> **Given entries**:
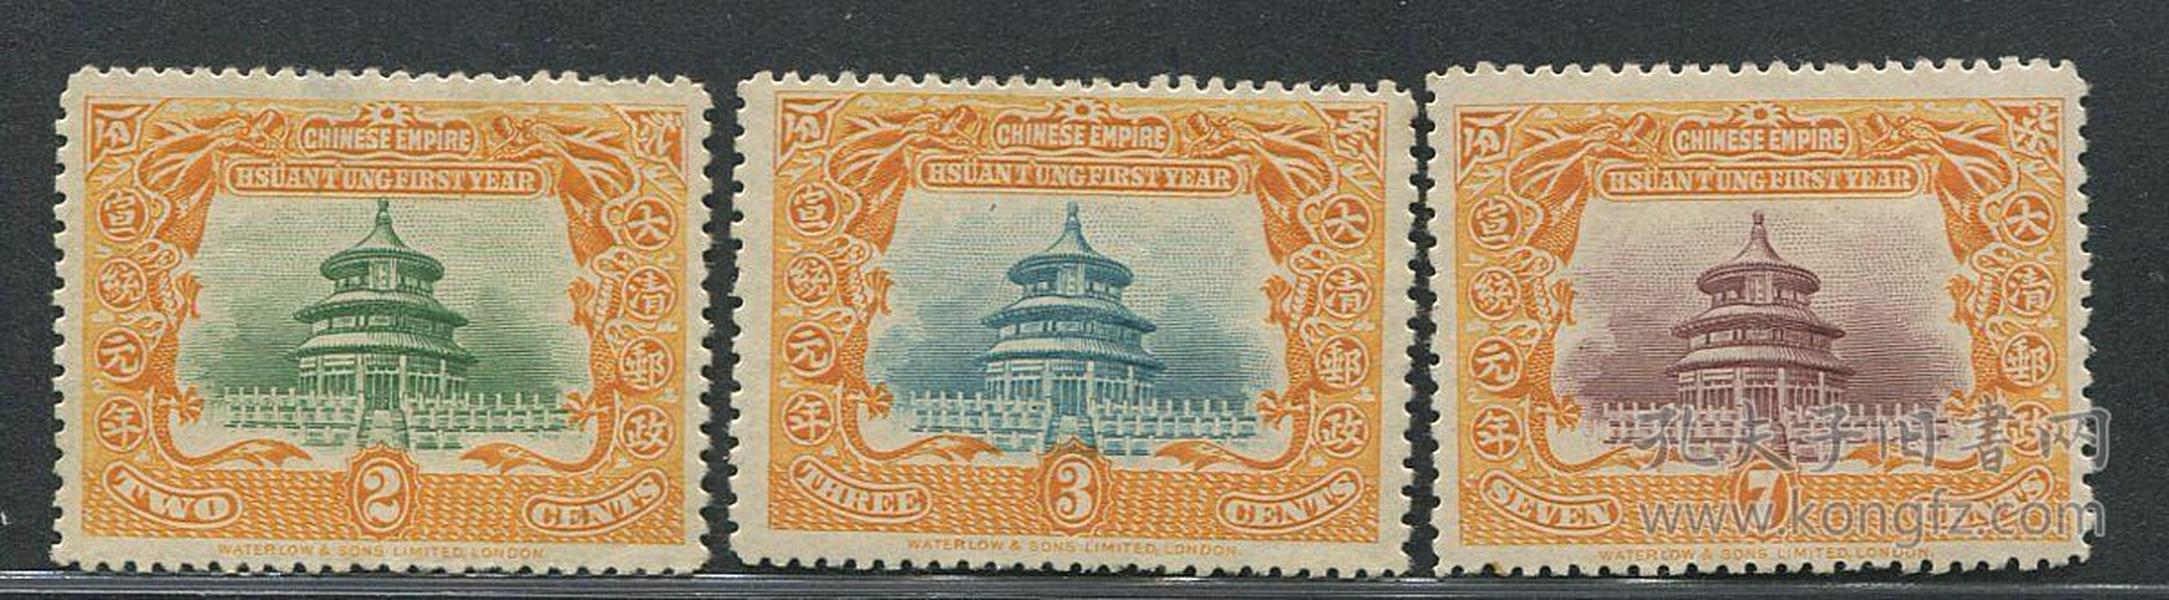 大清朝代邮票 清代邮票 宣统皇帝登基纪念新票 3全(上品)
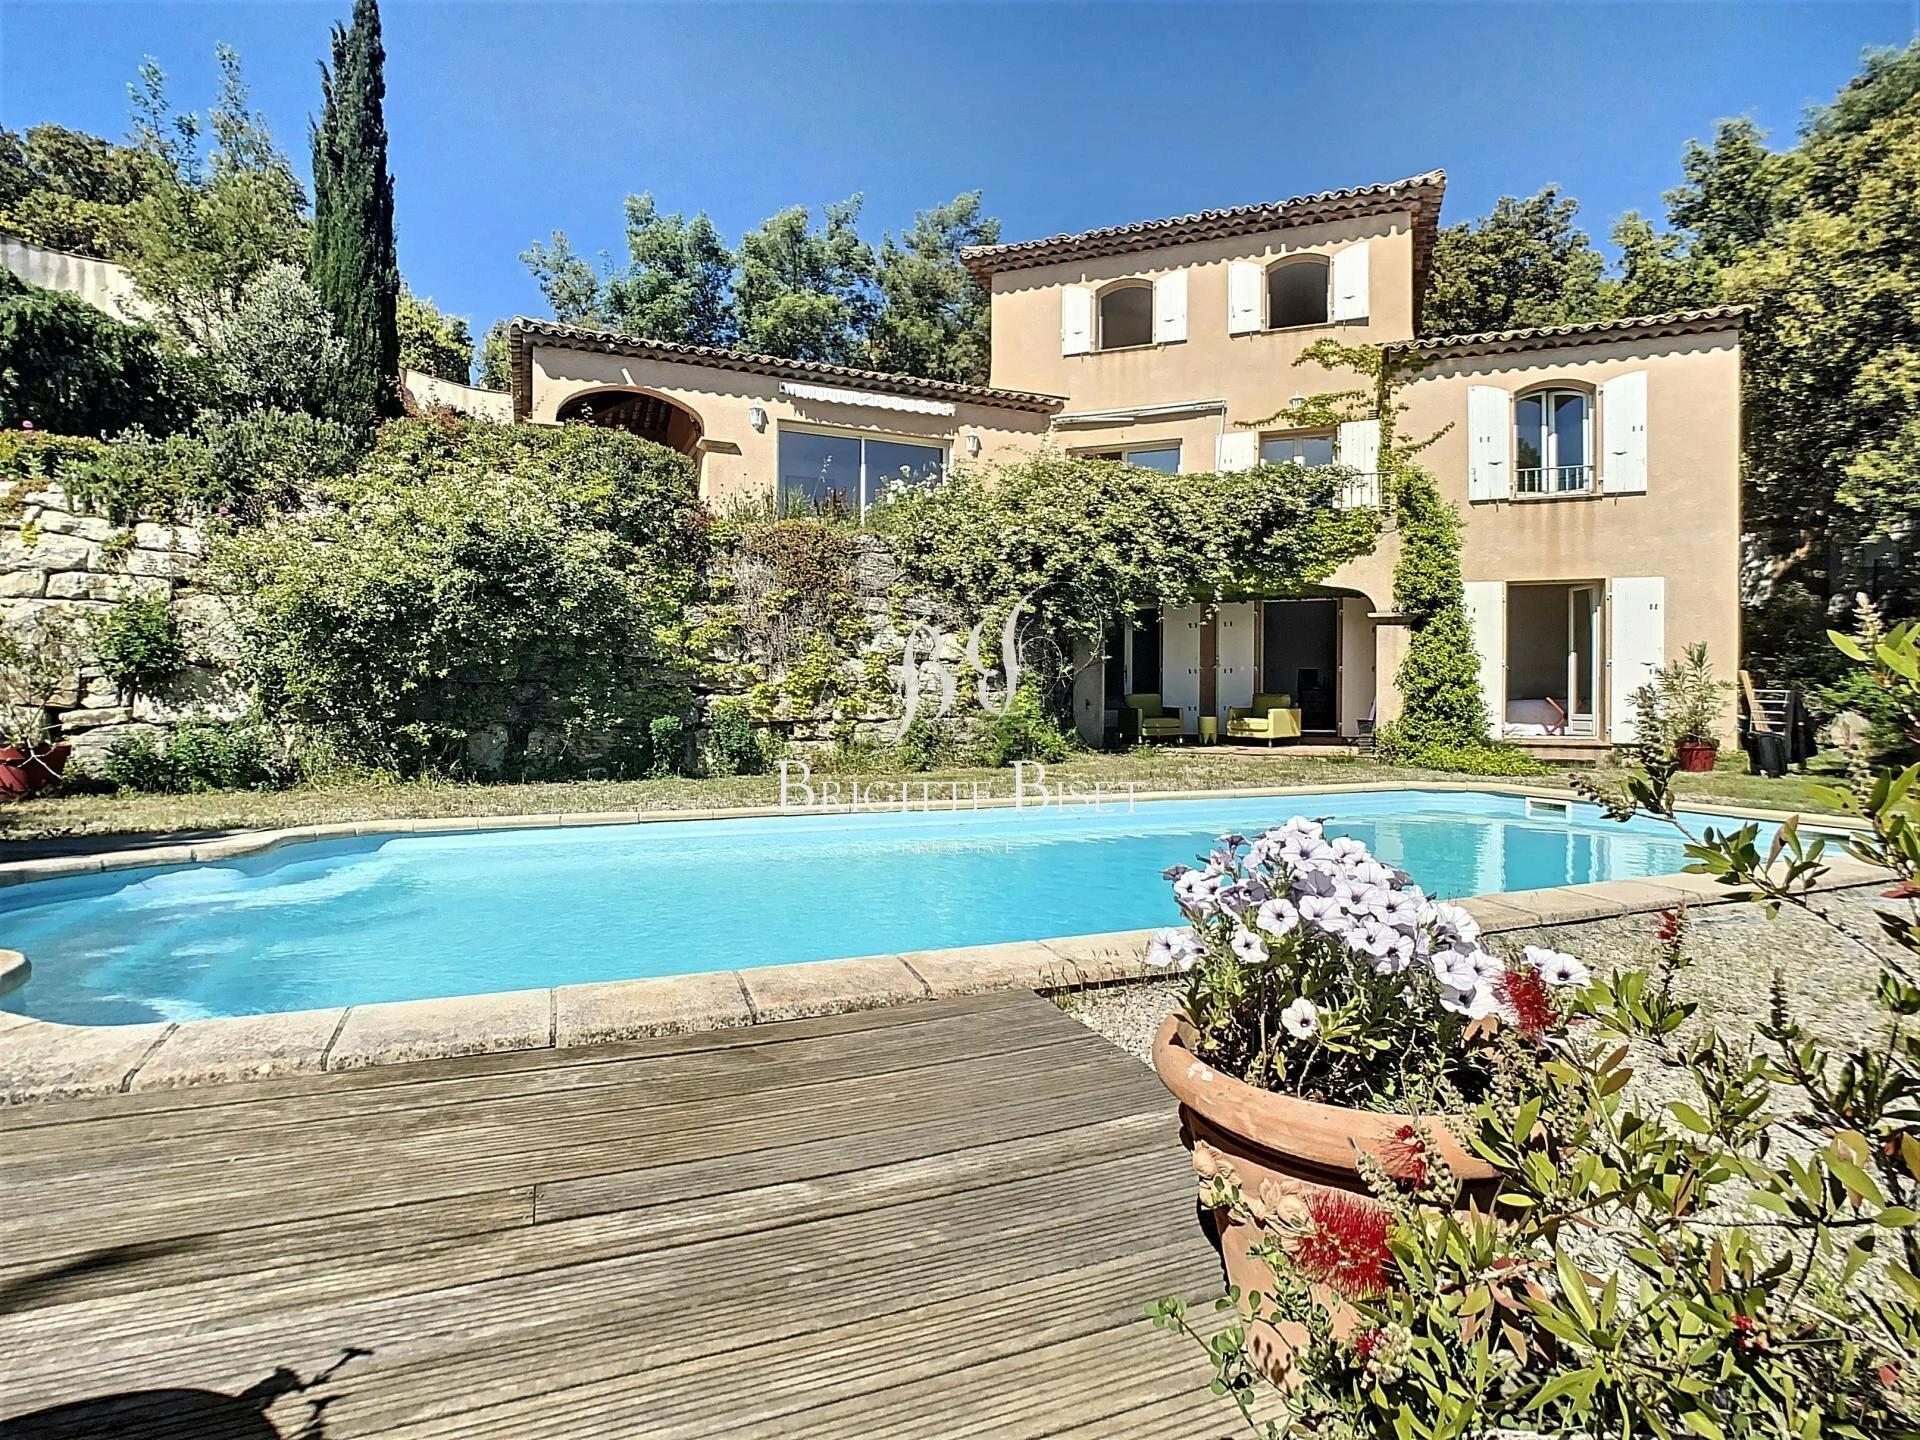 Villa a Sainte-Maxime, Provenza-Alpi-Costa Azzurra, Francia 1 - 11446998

---

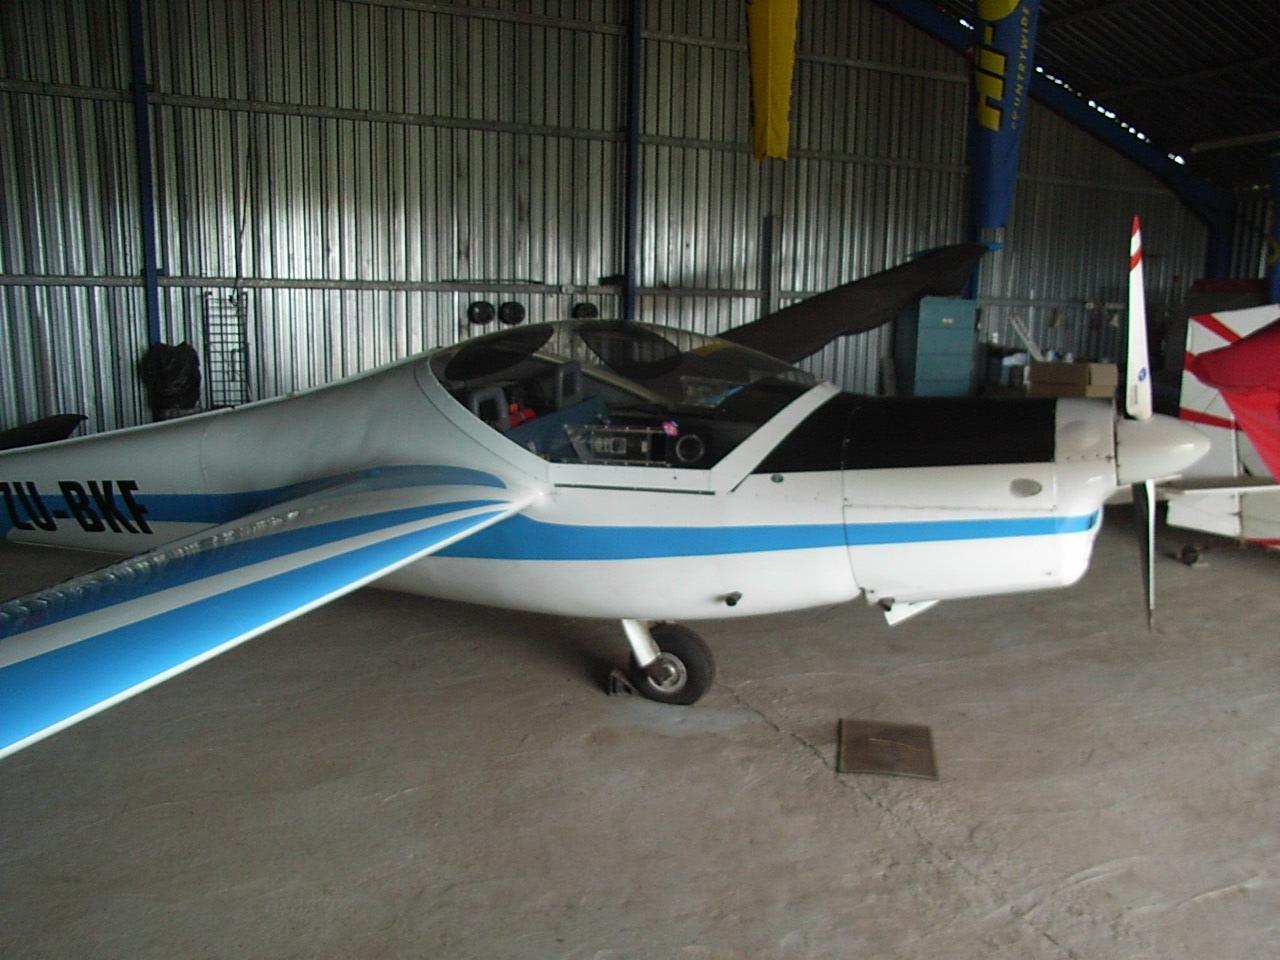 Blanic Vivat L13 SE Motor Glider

> **Task statement**: With the pictures omitted, print the lines above exactly, beginning at the line with "大清朝代邮票 清代邮票 宣统皇帝登基纪念新票 3全(上品)" and going on through the line with "Villa a Sainte-Maxime, Provenza-Alpi-Costa".

> **Answer below**:
 大清朝代邮票 清代邮票 宣统皇帝登基纪念新票 3全(上品)
 Villa a Sainte-Maxime, Provenza-Alpi-Costa Azzurra, Francia 1 - 11446998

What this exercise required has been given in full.